We focus on examining the relative out-of-sample forecasting ability of the models
(SETAR-TGARCH and SETAR-THSV), which contain the introduction of regimes
based on thresholds in the mean equation and volatility equation, compared to the
GARCH model and SV model. For each model, we consider two cases: Gaussian and
t-Student measurement noise distribution. An important problem when evaluating
the predictive ability of volatility models is that the “true” underlying process is
not observable and thus a proxy must be defined for the unobservable volatility. To
attain our proposal, the proxy volatility measure and the loss function must also be
decided to ensure a correct ranking of models.
Our empirical application suggests the following results: when time series include
leverage effects on the mean, the introduction of threshold in the mean and variance
equations produces more accurate predictions. If the leverage in the mean is not
important, then the SVt is flexible enough to beat the threshold models.

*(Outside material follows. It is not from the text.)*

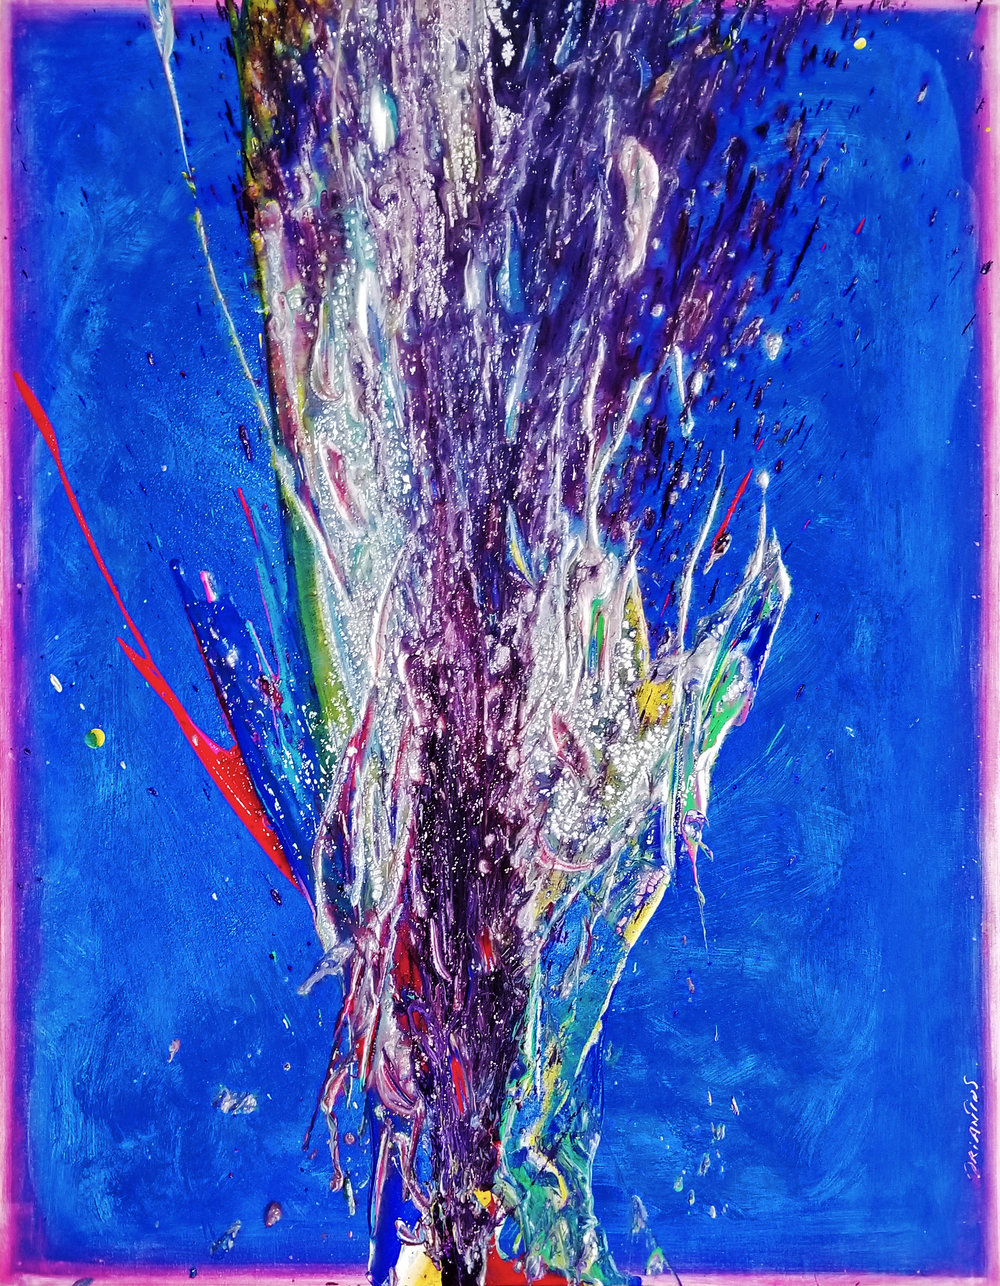 "Splash of Color 2 #141, 2019, acrylic on canvas, 40"" x 32"" (101.6 x 81 cm)"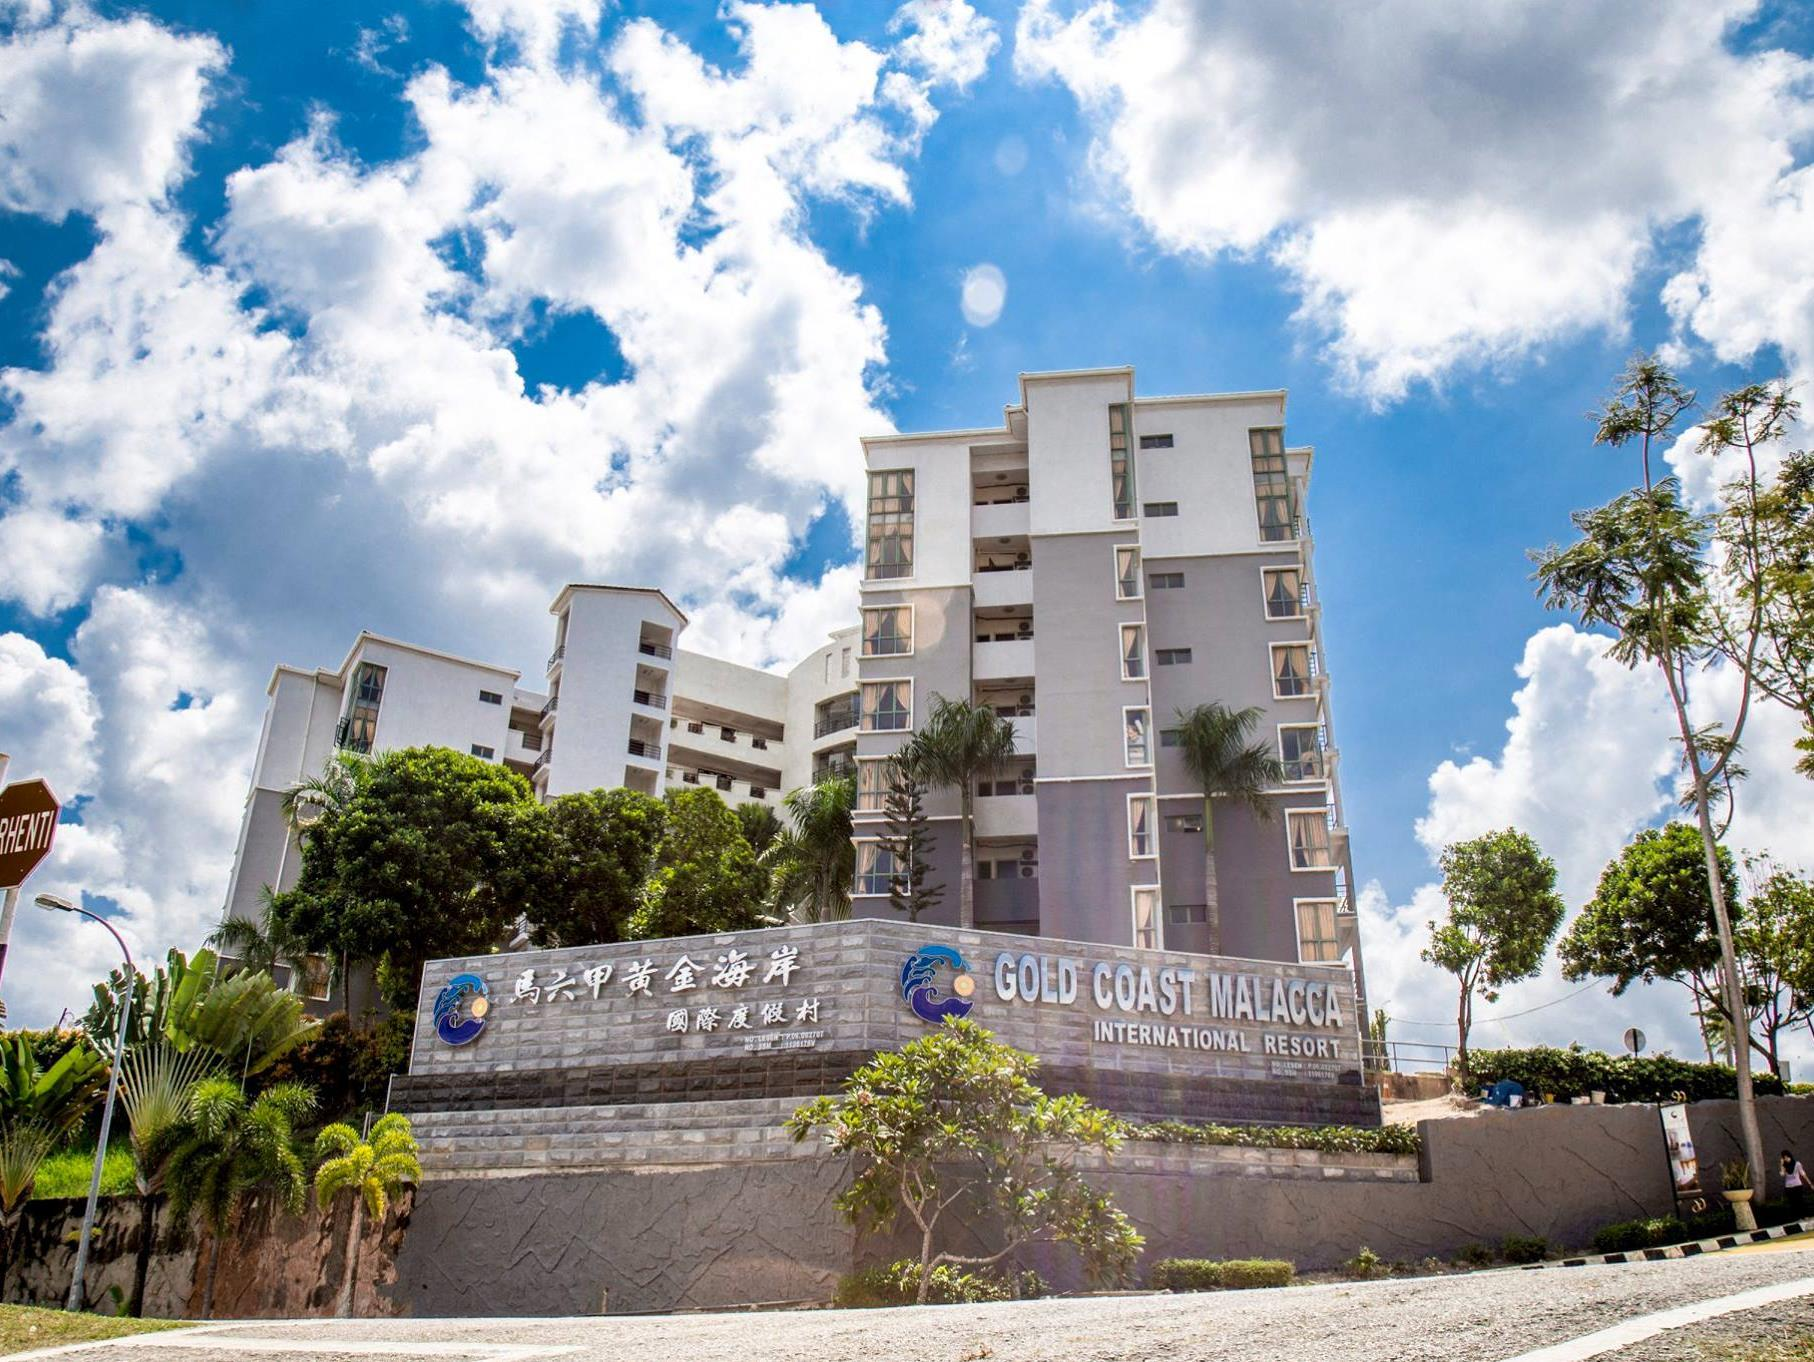 Gold Coast Malacca International Resort - Hotels and Accommodation in Malaysia, Asia

Key words: Volatility, Threshold Models, Bayesian estimation
1 Aims and Background
Volatility is understood as a measure of the random component of a return time
series. Modelling and forecasting volatility is crucial in financial markets (option
pricing, risk management and portfolio management). Models that try to explain the
volatility of return series have become exceedingly complex in recent years. However,
volatility models are not merely theoretical constructs; the success of these models
depend on their capability to capture and predict the features of empirical data.
Many authors now focus their interest on the study of volatility forecasting (see
Patton [Pat05] and the references therein).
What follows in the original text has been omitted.